Whatever a man's notions of these later centuries are, such, in the main, the man himself will be. Under the name of History, they cover the articles of his philosophic, his religious, and his political creed.[105] They give his measure; they denote his character: and, as praise is the shipwreck of historians, his preferencesHISTORY AND CHARACTER betray him more than his aversions. Modern history touches us so nearly, it is so deep a question of life and death, that we are bound to find our own way through it, and to owe our insight to ourselves. The historians of former ages, unapproachable for us in knowledge and in talent, cannot be our limit. We have the power to be more rigidly impersonal, disinterested and just than they; and to learn from undisguised and genuine records to look with remorse upon the past, and to the future with assured hope of better things; bearing this in mind, that if we lower our standard in history, we cannot uphold it in Church or State.

NOTES

[1] No political conclusions of any value for practice can be arrived at by direct experience. All true political science is, in one sense of the phrase, a priori, being deduced from the tendencies of things, tendencies known either through our general experience of human nature, or as the result of an analysis of the course of history, considered as a progressive evolution.—Mill, Inaugural Address, 51.

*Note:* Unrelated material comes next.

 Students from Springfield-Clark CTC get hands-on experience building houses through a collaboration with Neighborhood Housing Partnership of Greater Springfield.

[2] Contemporary history is, in Dr. Arnold's opinion, more important than either ancient or modern; and in fact superior to it by all the superiority of the end to the means.—Seeley, Lectures and Essays, 306.

[3] The law of all progress is one and the same, the evolution of the simple into the complex by successive differentiations.—Edinburgh Review, clvii. 428. Die Entwickelung der Völker vollzieht sich nach zwei Gesetzen. Das erste Gesetz ist das der Differenzierung. Die primitiven Einrichtungen sind einfach und einheitlich, die der Civilisation zusammengesetzt und geteilt, und die Arbeitsteilung nimmt beständig zu.—Sickel, Goettingen Gelehrte Anzeigen, 1890, 563.

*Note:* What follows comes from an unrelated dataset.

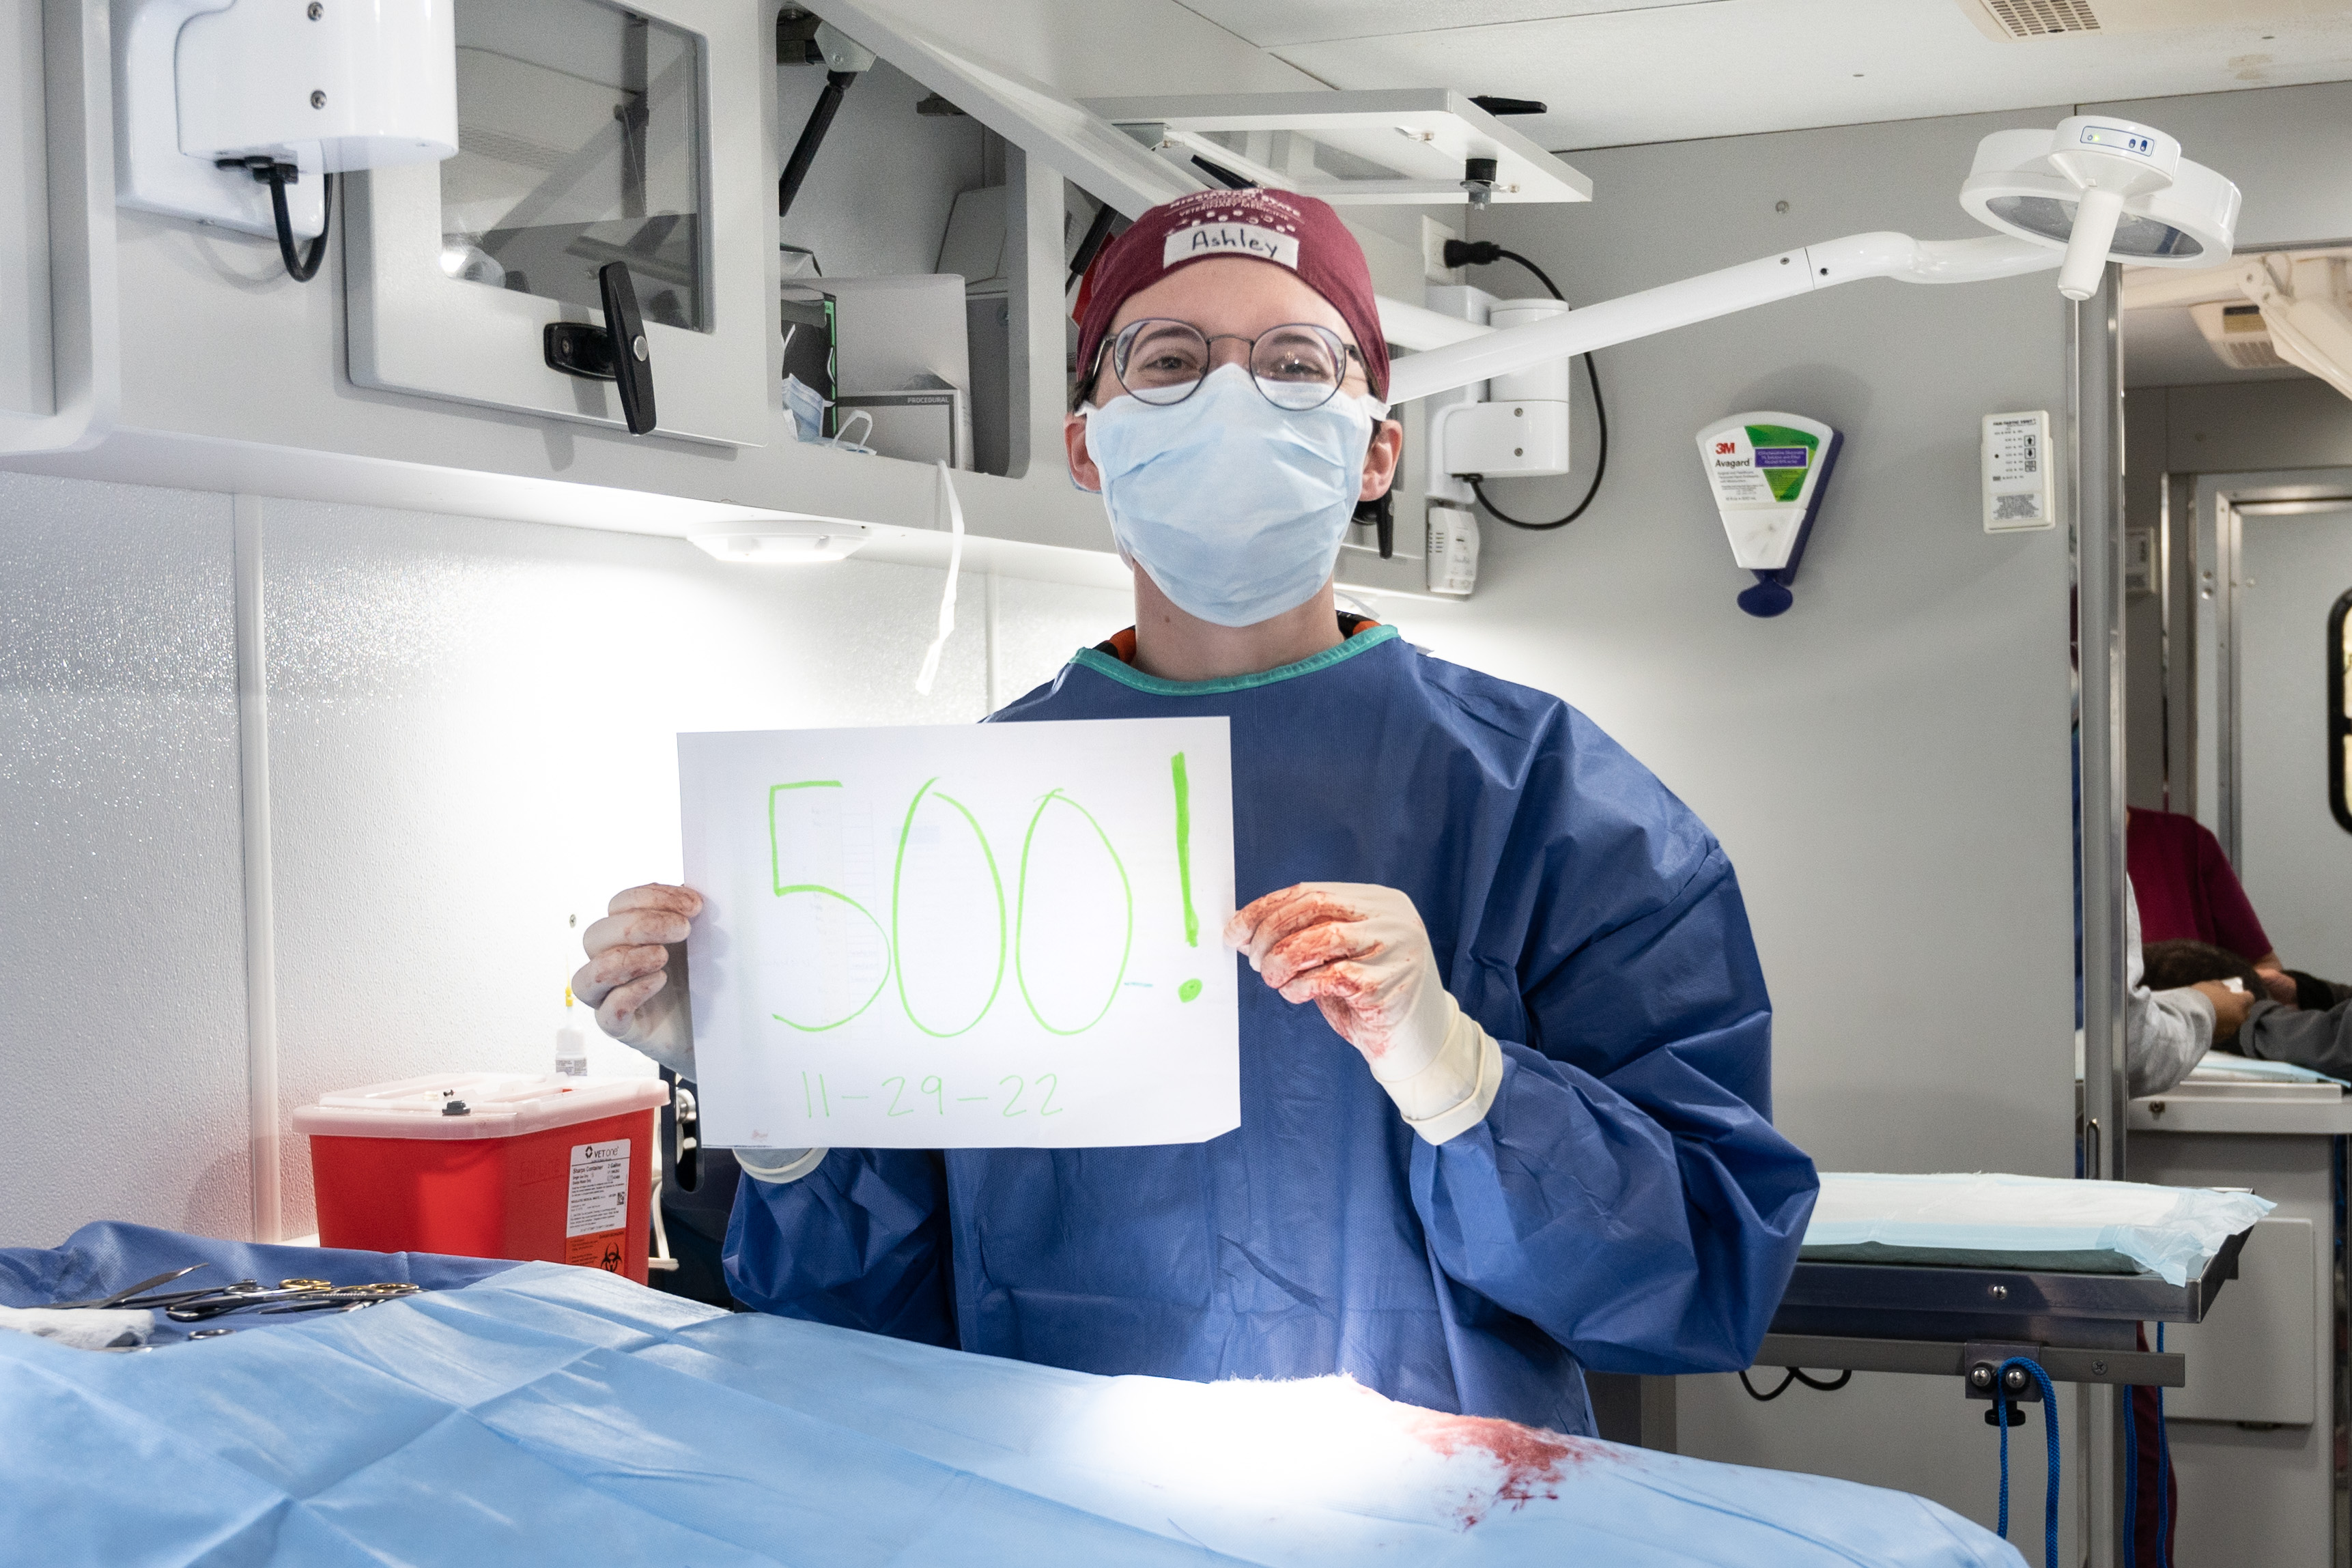 Student Ashley Smith holds a sign commemorating her 500th surgery

[4] Nous risquons toujours d'être influencés par les préjugés de notre époque; mais nous sommes libres des préjugés particuliers aux époques antérieures.—E. Naville, Christianisme de Fénelon, 9.

[5] La nature n'est qu'un écho de l'esprit. L'idée est la mère du fait, elle façonne graduellement le monde à son image.—Feuchtersleben, in Caro, Nouvelles Études Morales, 132. Il n'est pas d'étude morale qui vaille l'histoire d'une idée.—Laboulaye, Liberté Religieuse, 25.

[6] Il y a des savants qui raillent le sentiment religieux. Ils ne savent pas que c'est à ce sentiment, et par son moyen, que la science historique doit d'avoir pu sortir de l'enfance.... Depuis des siècles les âmes indépendantes discutaient les textes et les traditions de l'église, quand les lettrés n'avaient pas encore eu l'idée de porter un regard critique sur les textes de l'antiquité mondaine.—La France Protestante, ii. 17.